Grr. This NaNoWriMo thing is going to be really hard. I write too slow - a thousand words, even of almost exclusively dialogue, which is my best thing, takes me nearly two hours to write. So I have to write an average of nearly four hours a day to get 50k in one month, at my best pace. That's ridiculous. I'm a student, I have homework and drinking to do!
Then there's the fact that, once it's done, I have to decide whether I can, in good faith, submit and claim my winning status, as the final novel will include some prose I wrote before November. I need Buffistas to help me with this moral quandary, so here's the details:
The rule says "No prose written before the month."
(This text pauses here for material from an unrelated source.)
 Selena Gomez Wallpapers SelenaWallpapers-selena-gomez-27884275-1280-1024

However, one way of interpreting that, in my opinion, is "No prose that you use to count towards your final word count written before the month."
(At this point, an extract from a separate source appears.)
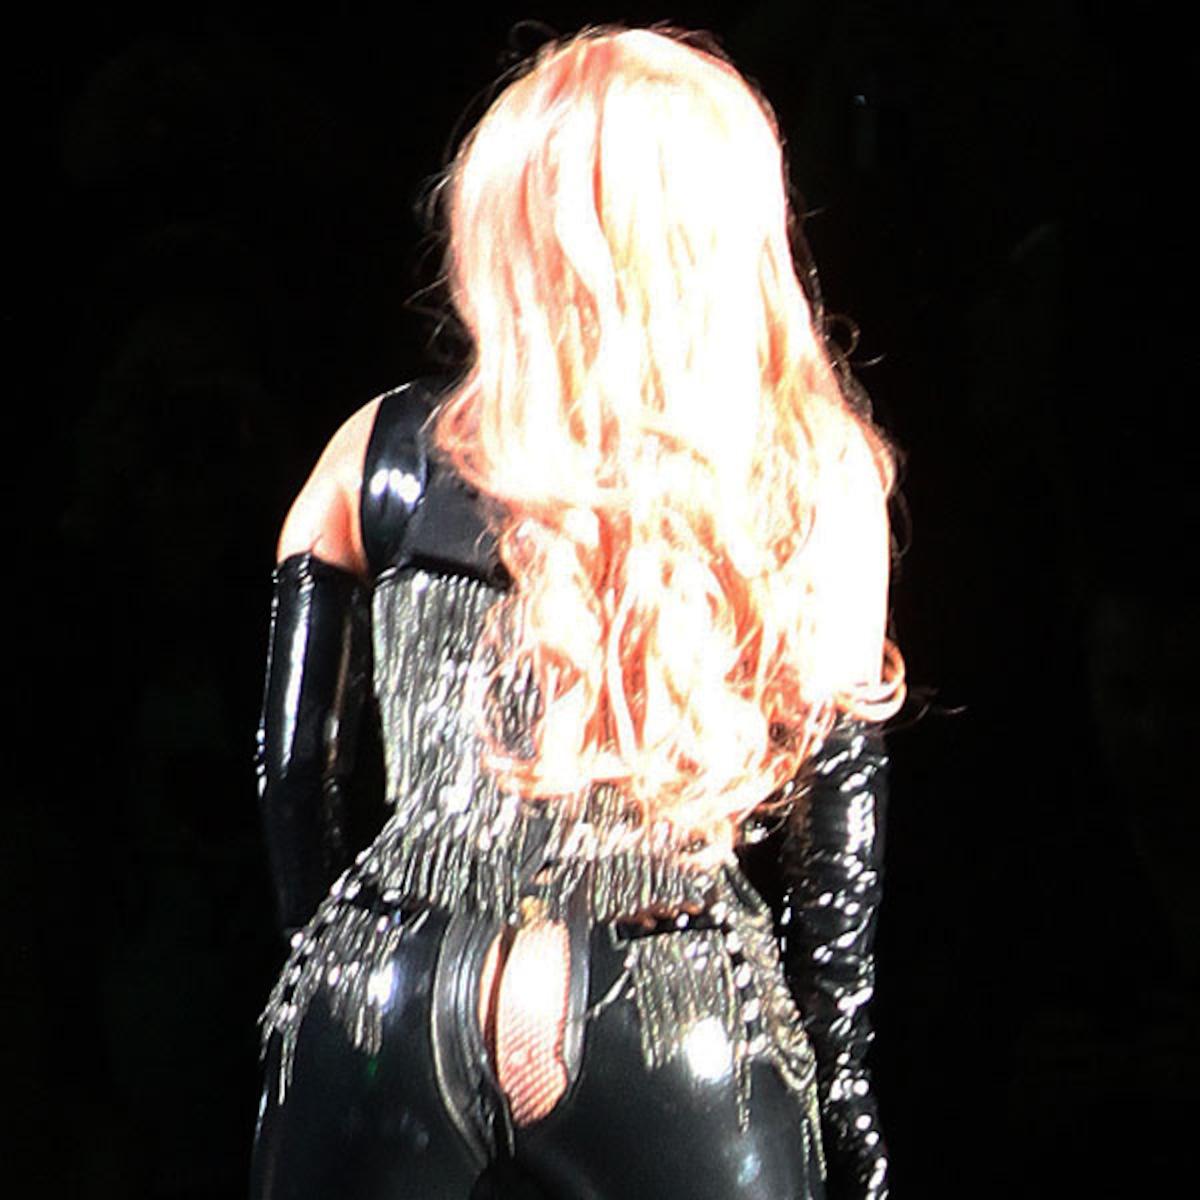 Lady Gaga Bare Butt photo 26

I had 3000 words of a story that I was really really liking written, but had stalled in writing it because I realized that it was growing in my head to a ridiculous size. Then November suddenly came around and I was like, "Oh, yeah, I'm supposed to write a novel. What should I write?" and then i remembered that I had a story that was turning into a novel all ready to go!
So my plan is to add 50,000 words (at least) to the end of the 3000 words I had written already, always submitting my word count to nanowrimo as 3000 words less than are actually in my novel. That way, when I'm done, I have a 53,000 word novel, 50,000 of which were written in the month of November. I'd even submit only the non-pre-written bits for verification.
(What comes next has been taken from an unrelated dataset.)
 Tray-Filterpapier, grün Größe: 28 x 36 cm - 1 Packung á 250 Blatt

But now I'm wondering if that's kosher. The problem is that, since I have this story, there's nothing else I want to spend an entire month of my life writing. So whether or not i decide to submit for "winning" NaNoWriMo, I'm gonna finish this story this month if at all possible.
What are your opinions? Is this plan okay? Or would too many other NaNoWriMo participants feel that this method cheapens their work somehow?